Department of Genitourinary Oncology, H. Lee Moffitt Cancer Center and Research Institute, Tampa, FL, USA.
Department of Biostatistics, H. Lee Moffitt Cancer Center and Research Institute, Tampa, FL, USA.
Ann Surg Oncol. 2021 Jul;28(7):3648-3655. doi: 10.1245/s10434-021-09696-3. Epub 2021 Mar 10.
Following radical orchiectomy, surveillance and primary retroperitoneal lymph node dissection (RPLND) are acceptable options for the management of early stage pure testicular teratoma in adult patients; however, there is no uniform consensus. The aim of this study was to investigate survival outcomes of adults with early stage pure testicular teratoma based on management strategy.
Data was extracted from the National Cancer Database (NCDB) from testicular cancer patients diagnosed with clinical stage (CS) I pure teratoma (pT1-4N0M0S0) between 2004 and 2014. Kaplan-Meier and Cox regression analyses were used to assess clinical outcomes based on management strategy.

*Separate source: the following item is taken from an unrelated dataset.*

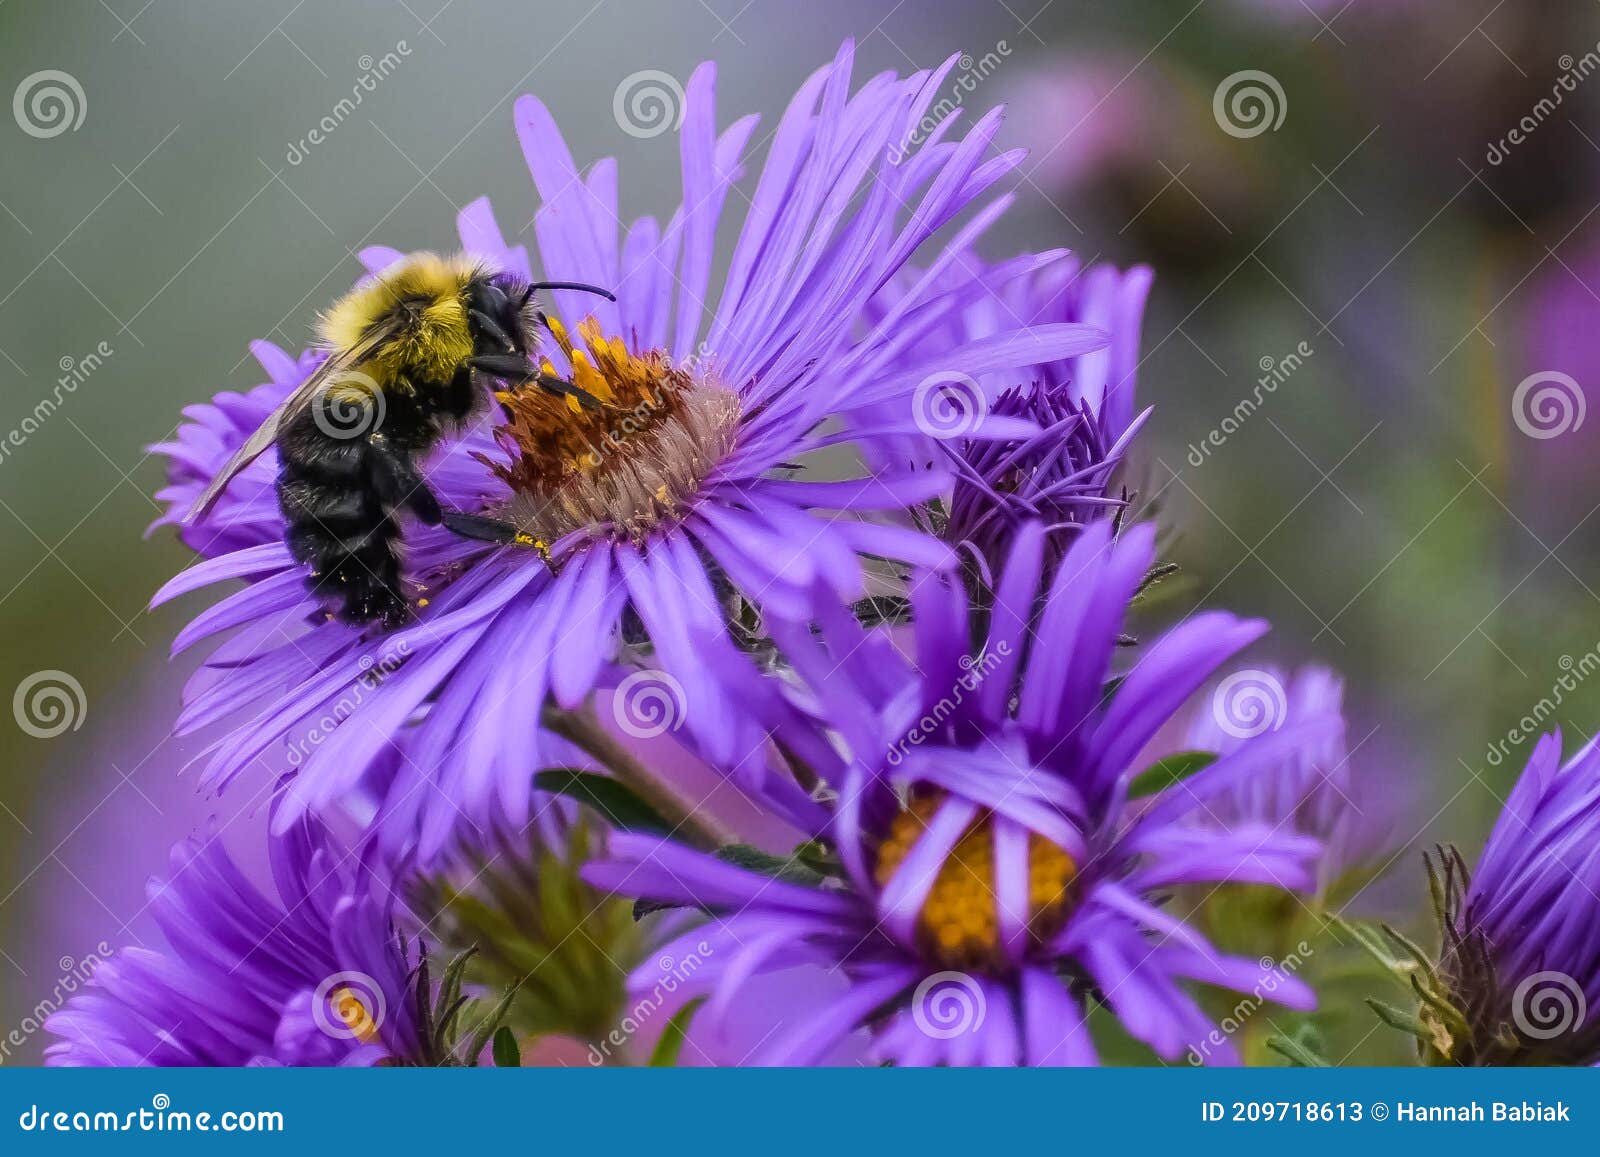 bumble bee on purple asters with yellow centers

Of the 61,167 patients diagnosed with testicular cancer, 692 (1.1%) had pure teratoma. Only individuals with CS I disease were considered (n = 237). The median age was 28 (23-35) years. Overall, 43 (18%) patients underwent RPLND and 194 (82%) patients were managed with surveillance. There was an increase in surveillance for CS I teratoma during the study period. Increasing distance from residence to treatment facility was an unadjusted predictor for undergoing primary RPLND (p < 0.001). Median follow-up was 54 months and there was no significant difference in overall survival between CS I teratoma patients managed with RPLND and those managed with surveillance (p = 0.13).
There has been a trend toward increasing adoption of surveillance for the management of early stage pure testicular teratoma in adults. Our findings suggest that surveillance provides comparable survival outcomes to primary retroperitoneal lymph node dissection in this setting.
在成人患者中,根治性睾丸切除术(RO)后,监测和原发性腹膜后淋巴结清扫术(RPLND)是早期纯精原细胞瘤的可接受的治疗方法,但尚未达成共识。本研究旨在根据管理策略探讨早期纯精原细胞瘤成人患者的生存结果。
从 2004 年至 2014 年期间,从国家癌症数据库(NCDB)中提取患有临床分期(CS)I 期纯精原细胞瘤(pT1-4N0M0S0)的睾丸癌患者的数据。采用 Kaplan-Meier 和 Cox 回归分析基于管理策略评估临床结果。
在诊断为睾丸癌的 61167 例患者中,有 692 例(1.1%)患有纯精原细胞瘤。仅考虑 CS I 期疾病患者(n=237)。中位年龄为 28 岁(23-35 岁)。总体而言,43 例(18%)患者接受了 RPLND,194 例(82%)患者接受了监测。在此期间,CS I 期精原细胞瘤的监测率有所增加。居住地与治疗机构之间的距离增加是接受原发性 RPLND 的未经调整的预测因素(p<0.001)。中位随访时间为 54 个月,接受 RPLND 治疗的 CS I 期精原细胞瘤患者与接受监测治疗的患者的总生存率无显着差异(p=0.13)。
在成人中,对早期纯精原细胞瘤的管理方法中,监测的应用趋势有所增加。我们的研究结果表明,在这种情况下,监测与原发性腹膜后淋巴结清扫术的生存结果相当。